About this exercise: Once you reach the line with "671f9e23e Mujer joven" in the material below, copy each line exactly up to and including the line with "Tommy Hilfiger Sweatshirt", and skip the pictures.

Start of Data provided

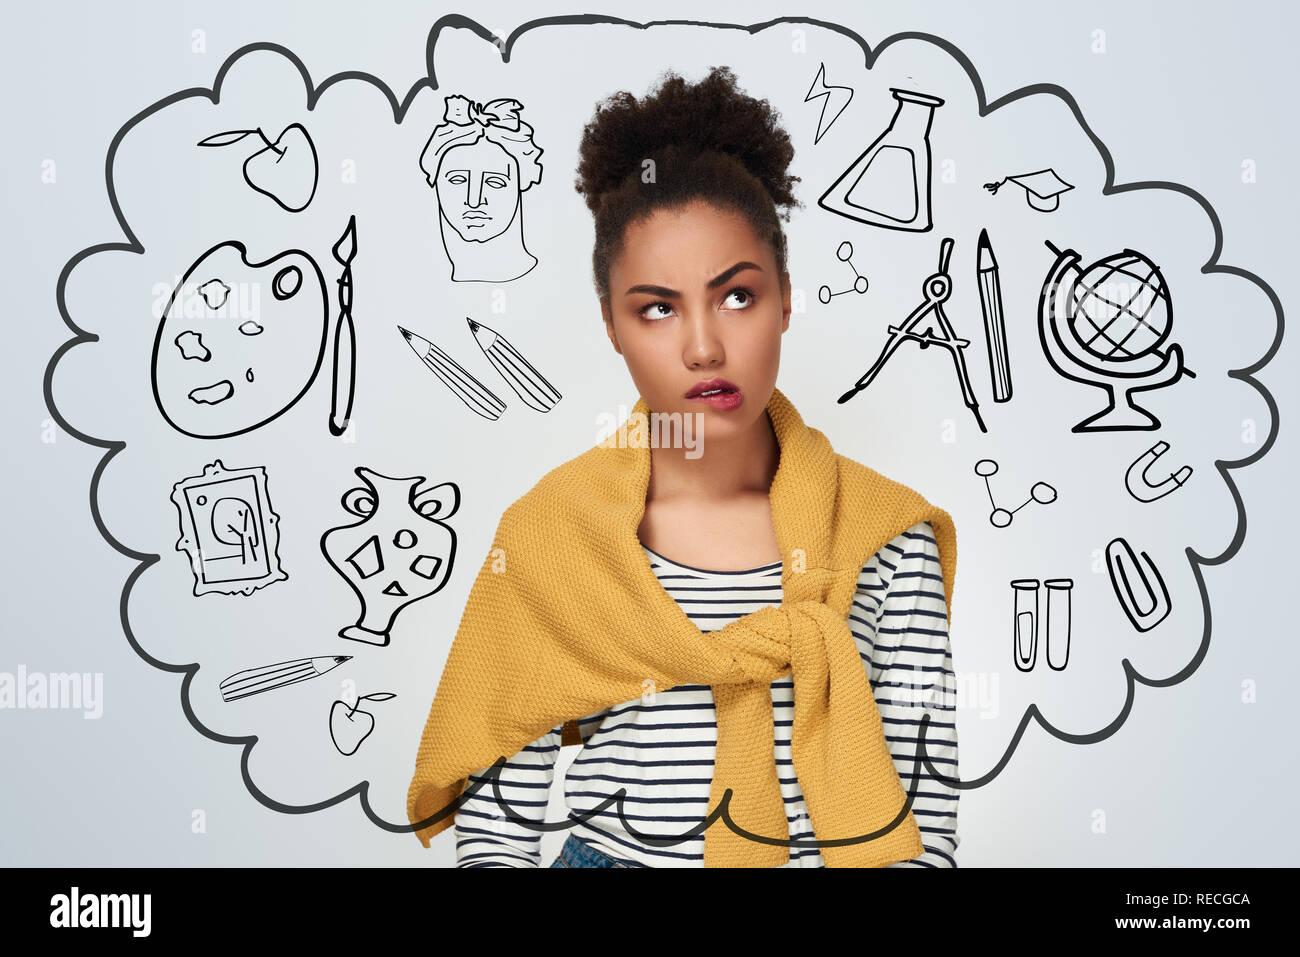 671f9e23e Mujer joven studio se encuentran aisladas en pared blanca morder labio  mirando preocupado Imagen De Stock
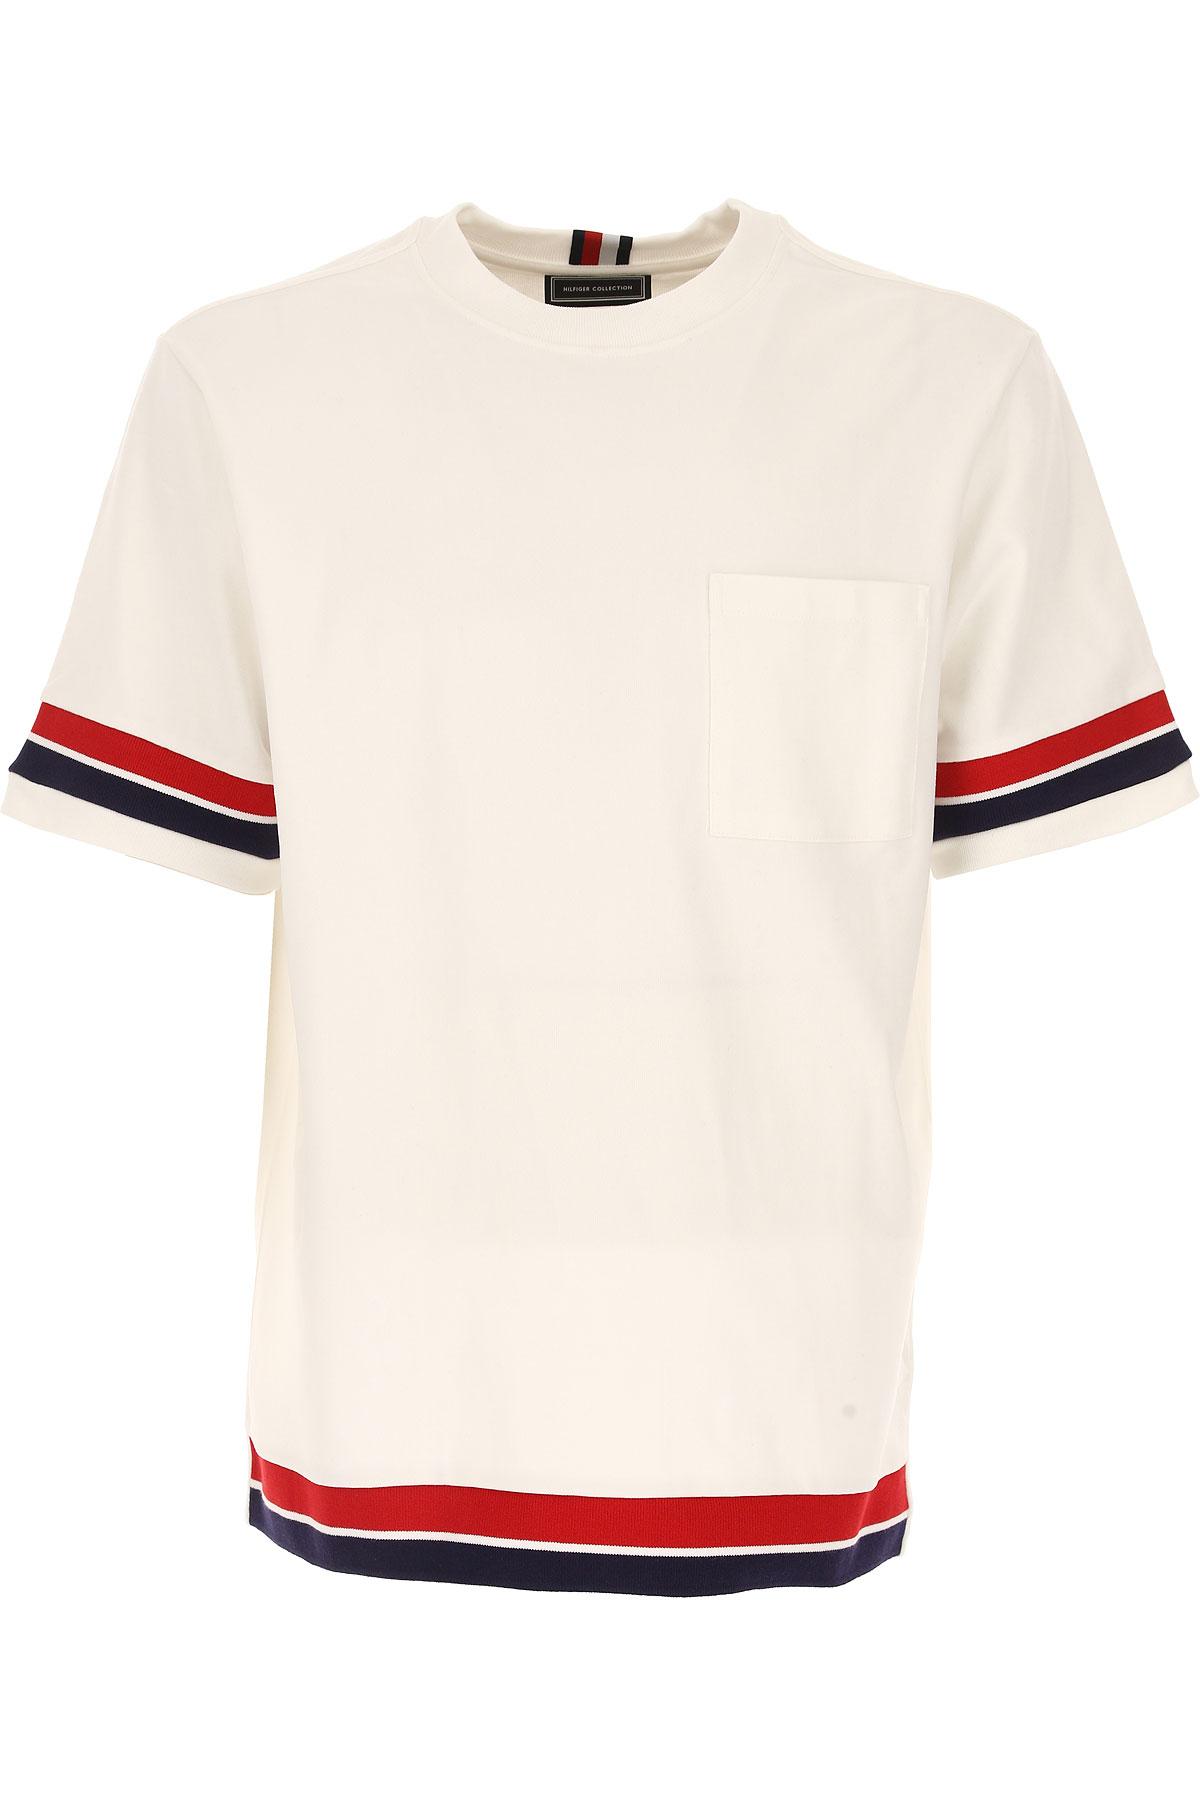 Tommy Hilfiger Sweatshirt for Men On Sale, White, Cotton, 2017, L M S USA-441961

End of Data provided
Start of Data provided

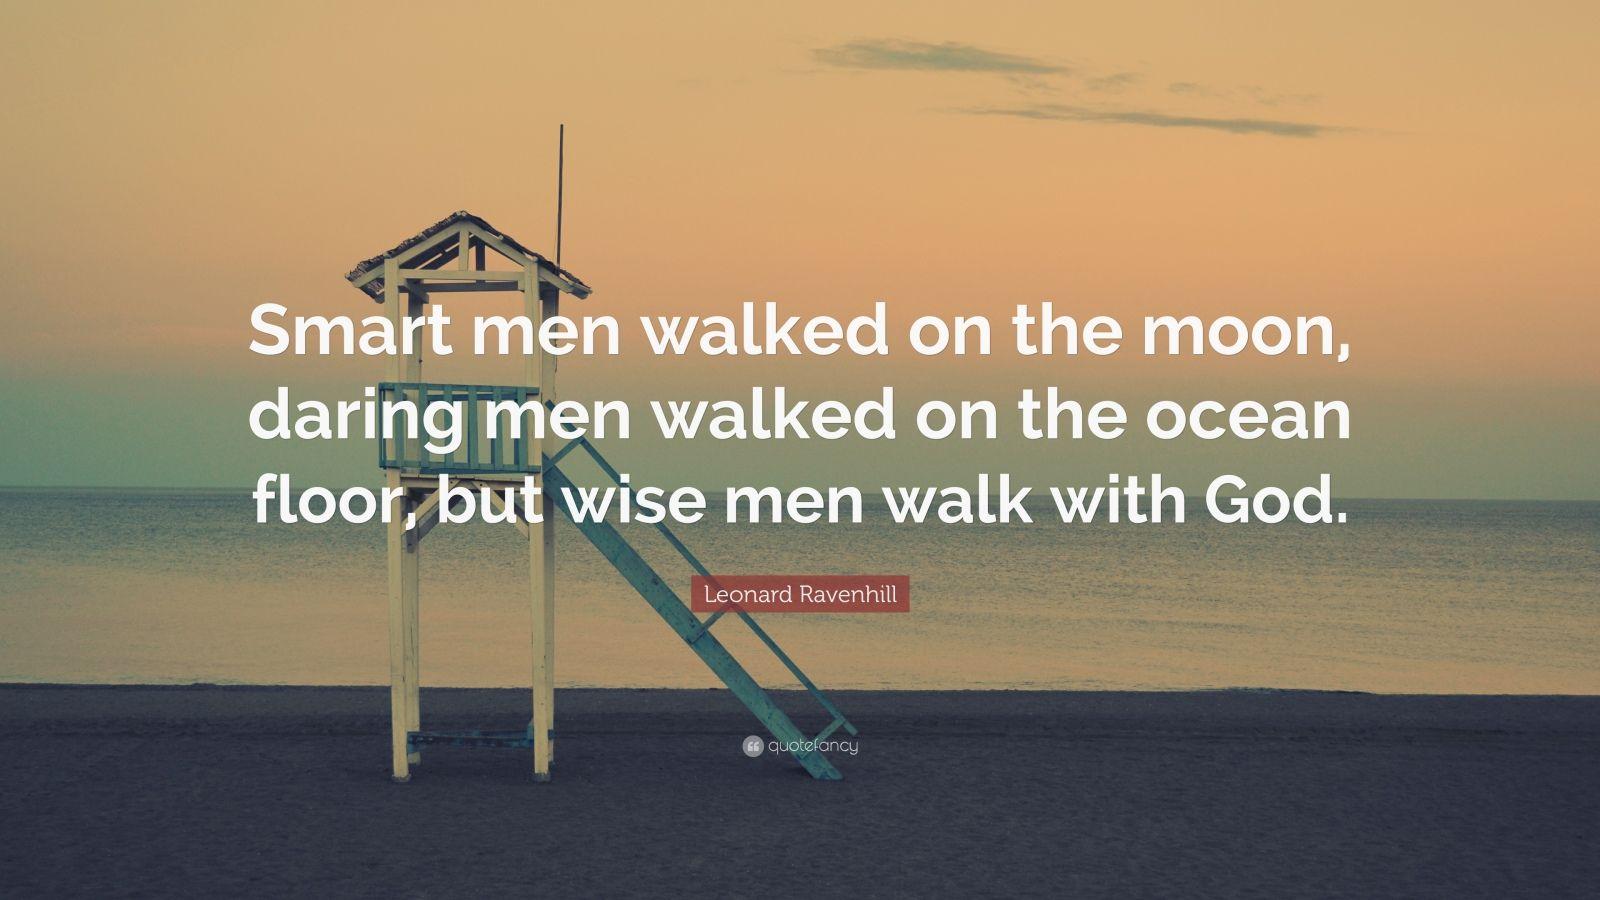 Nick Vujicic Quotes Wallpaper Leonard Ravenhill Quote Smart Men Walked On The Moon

End of Data provided

Answer box:
 671f9e23e Mujer joven studio se encuentran aisladas en pared blanca morder labio  mirando preocupado Imagen De Stock
 Tommy Hilfiger Sweatshirt for Men On Sale, White, Cotton, 2017, L M S USA-441961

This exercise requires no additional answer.